I went to see the terracotta warriors at the British Museum. It’s unusual for them to be on show outside China, so it’s a big event; they have about a dozen terracotta figures and lots of associated material.
It’s certainly worth going to, but the warriors themselves didn’t have the wow factor you might hope for. I may not have seen them in the flesh before, but they are so familiar that it felt like I had. I don’t know why some artworks—paintings particularly?—are so much more effective in the flesh than in photos, while others aren’t. In the particular case of the terracotta warriors, I think part of what makes them incredible is the sheer number of them: the iconic image is of them standing in massed ranks. And although the figures are beautifully made—they are modelled in great detail and famously every one is slightly individual—I don’t know that they are great works of Art. Whatever that means. They were made on a production line basis by prisoners doing forced labour; I don’t know whether that’s relevant.

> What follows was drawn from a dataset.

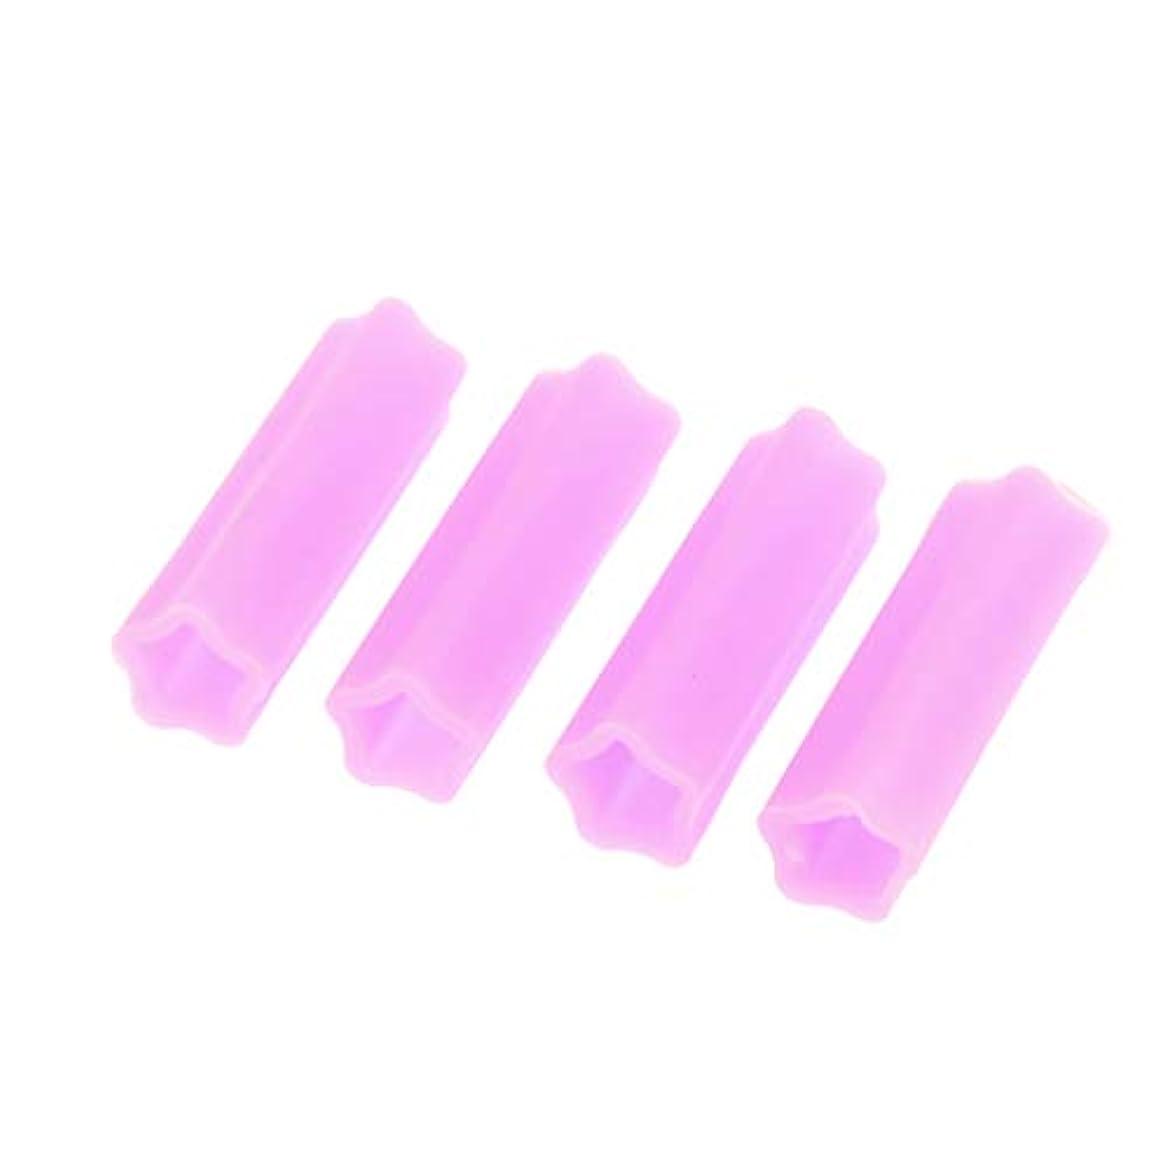 弱まるけん引役員キューティクルニッパー保護カバー アクリルネイル用ツール ネイル道具 ケアツール 4個入り 全5色 - 紫の

So for me the most interesting thing was all the context: the stuff about the ‘First Emperor’, his conquest and unification of about a third of modern China and the standardisation of the coinage, weights and measures, and writing system; the architectural details of his palaces; and all the other stuff that was buried with him. It’s not just warriors; the exhibition had terracotta acrobats, civil servants and musicians. And all those things were found at sites away from the main tomb mound itself, which has never been excavated out of respect for the emperor. And there’s probably lots of good stuff in the tomb. This is Wikipedia:
According to the Grand Historian Sima Qian (145 BC-90 BC) [i.e. about 100 years after the event], the First Emperor was buried alongside great amounts of treasure and objects of craftsmanship, as well as a scale replica of the universe complete with gemmed ceilings representing the cosmos, and flowing mercury representing the great earthly bodies of water. Pearls were also placed on the ceilings in the tomb to represent the stars, planets, etc.
I particularly liked the writing, a form called Small Seal Script. It’s the ancestor of modern Chinese script, and they had a sample next to the modern equivalent that allowed you to see the similarities. But the seal script looks like petroglyphs: much more varied than modern hanzi, and sort of more organic, though I’m not sure that’s the right word. Partially the difference is between a script written with a pointed implement and one written with a brush, but it’s also presumably the effect of two thousand years of standardisation. There’s an interesting chart of various writing styles on this Wikipedia page.
One thing I find interesting is the terms which they chose to use to talk about the emperor. Qin Shihuangdi’s achievement in conquering the neighbouring kingdoms and unifying them was undoubtedly remarkable. But he was a megalomaniac despot. He declared himself divine emperor of the universe. His tomb complex—built, remember, by prisoners, and designed to be buried—is just him extending his megalomania into the afterlife. So when the BM refers to him as ‘one of the greatest rulers in history’, I find myself a bit uncomfortable. In some sense it’s clearly true, but I’m certainly glad I didn’t have to live in his empire. And I find the fact that the Chinese aren’t willing to excavate his tomb slightly creepy. It’s hardly a uniquely Chinese thing, of course: it’s easy to get caught up by the romance of someone like Alexander the Great or Julius Caesar, but it’s hard to argue that they increased the sum of human happiness. I wonder, by the way, since the Chinese government is clearly currently running a campaign of cultural diplomacy, whether they exercise any editorial control over exhibitions like this. I imagine the BM would have been absolutely gagging for the opportunity to host the show, so they wouldn’t need to be heavy-handed about it: just a gentle hint here or there.
» There aren’t really any pictures of the warriors on the BM website, so I found a picture of a Qin dynasty banliang coin from their collection just to have something to illustrate the post.